All of the listing must be given again exactly, except that the images are dropped.

• [Given information]:
• • • • • • •
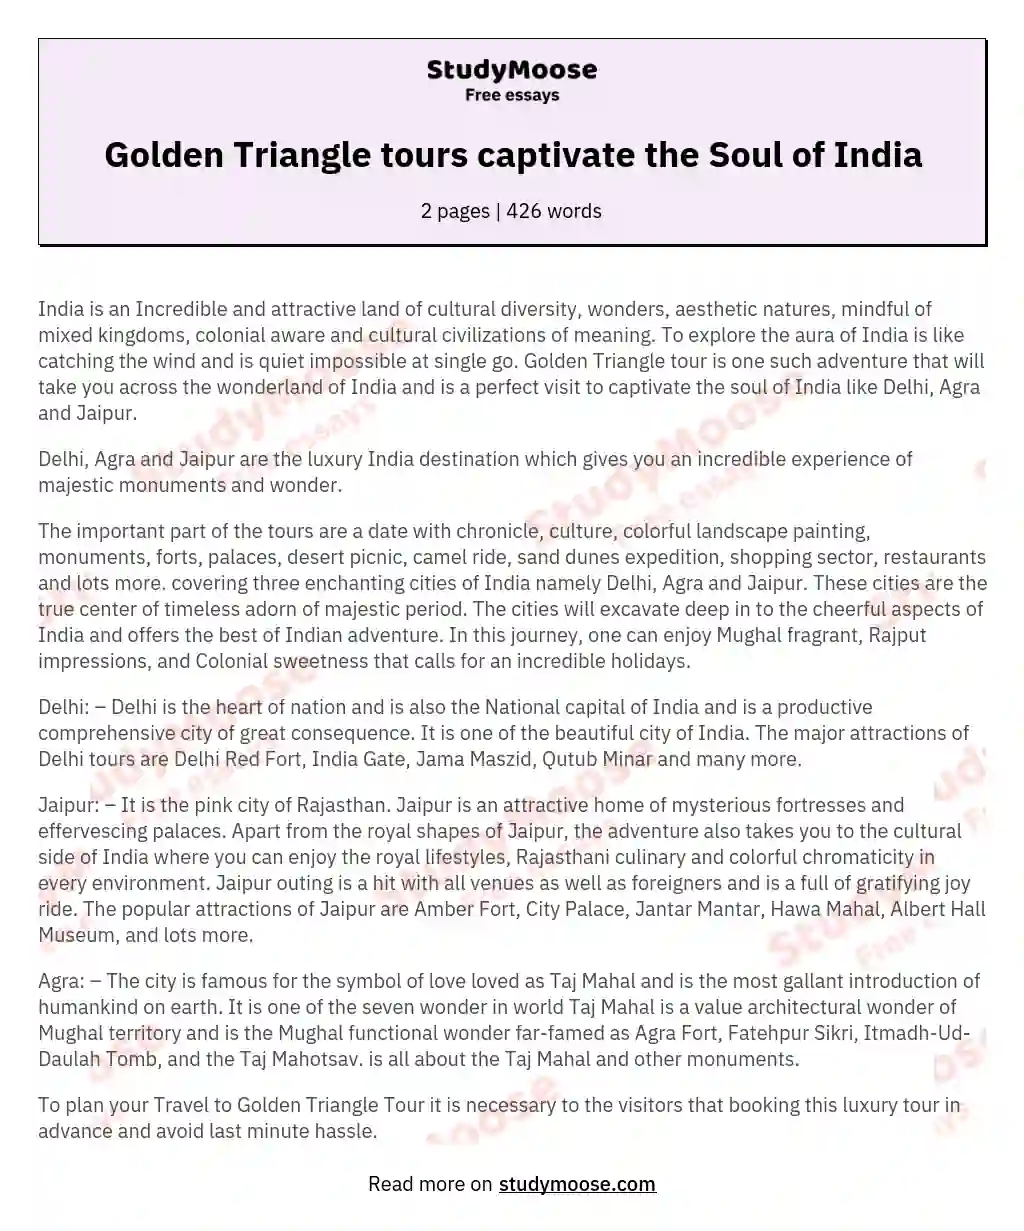 Golden Triangle tours captivate the Soul of India
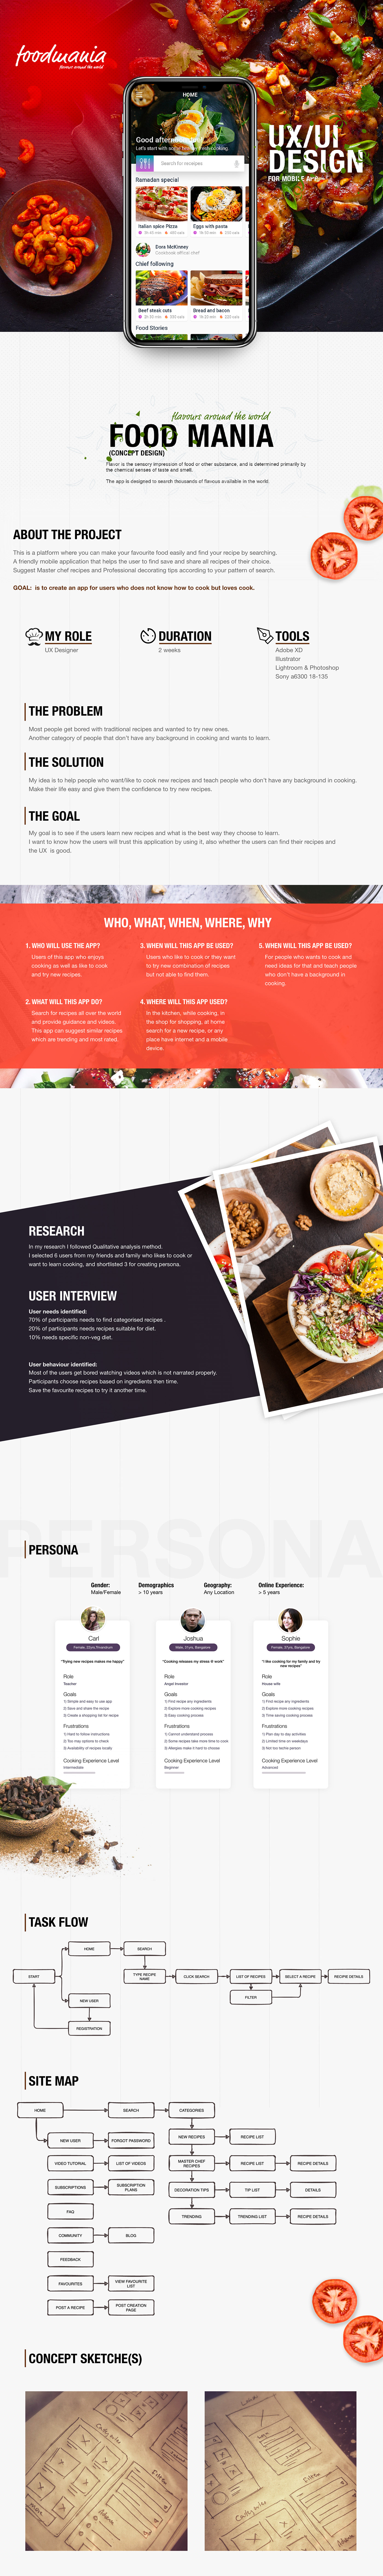 Case Study cooking app information architecture  research UX design
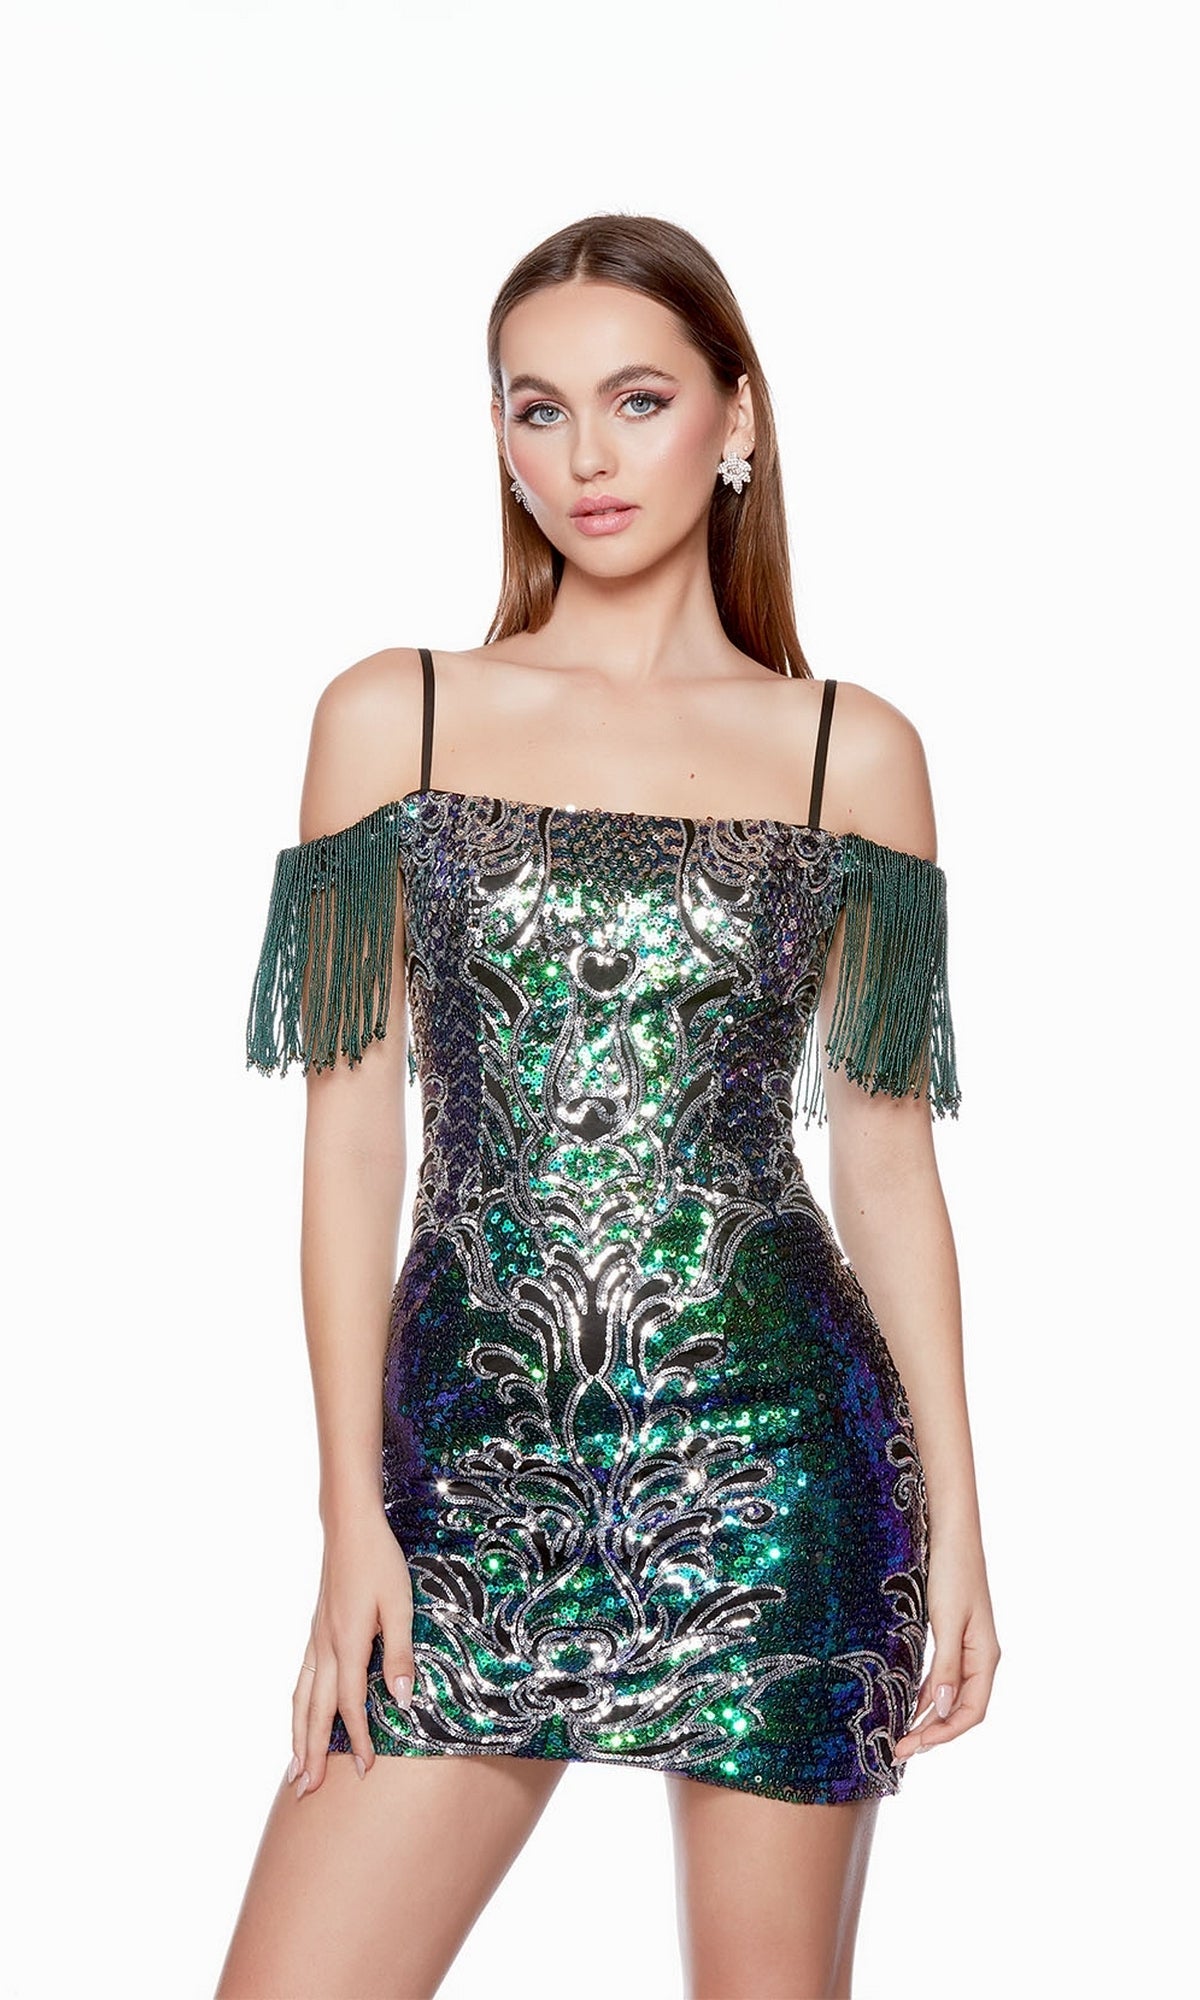 Chameleon Short Dress By Alyce For Homecoming 4636
• • • • • • •
• [Your response]:
 Golden Triangle tours captivate the Soul of India
 Case Study cooking app information architecture  research UX design
 Chameleon Short Dress By Alyce For Homecoming 4636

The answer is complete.